Overall I think the test shoot worked well, and it’s helped me to identify areas that I need to take note of  for when I come to do the actual shoot.

bloggaImage © Sylvia Shek

For this Image I think the model was placed slightly too close to the background therefore there was still a slight light spillage affecting the blacks.  Pulling back the shadows and the blacks in camera raw helped slightly but the best way around this issue is to make sure the model is far enough away from the background.

blogbImage © Sylvia Shek

With this image the model ends up at the side of the frame. this is mainly due to the fact that the shutter fires at the end of the exposure, therefore when the model moves  it is vital that they dont move too far and end up outside of the frame.

blogccImage © Sylvia Shek

In this image the models hair and shoulder is blending into the shadows too much and there is not much definition in the head area of the motion blur making it appear headless.   It is important that the blur looks just as aesthetically pleasing as the main image does. A good way round this problem is to shoot lots of motion burr frames so that they may be used during post production to be merged into other frames to create  more pleasing aesthetics.

bloggdImage © Sylvia Shek

Once again the models shoulders and hair is disappearing into the blacks. a way round this would be to either introduce another light source high up behind the model shining downwards, this would bring out highlights over the shoulders and hair creating more definition.  Another way could be to shoot the model separately and blend in with previously captured motion blur during post production.

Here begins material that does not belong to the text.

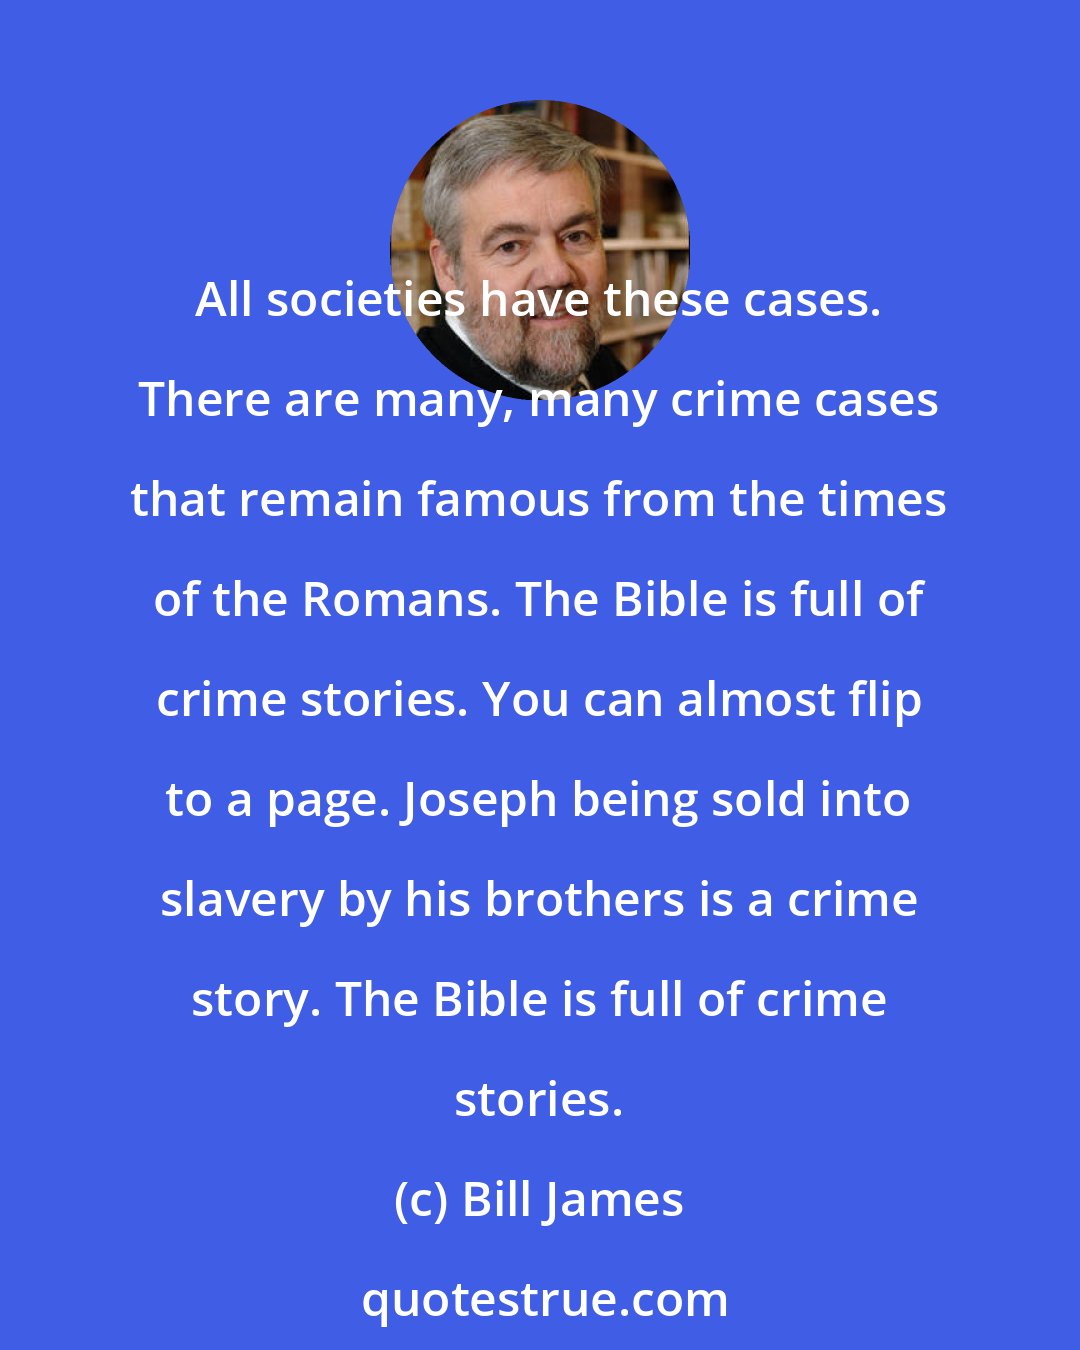 Bill James: All societies have these cases. There are many, many crime cases that remain famous from the times of the Romans. The Bible is full of crime stories. You can almost flip to a page. Joseph being sold into slavery by his brothers is a crime story. The Bible is full of crime stories.

For the next shoot I will add the additional light source . also when styling the model i will aim to use lighter / bright colours as opposed to darks / blacks these measures will help reduce the likely hood of the clothing blending into the shadows.

Lighting test

Spent the day in the studio testing out the lighting.

I struggled at first to find the correct set up to achieve the desired effect, but eventually found a set up that worked quite well.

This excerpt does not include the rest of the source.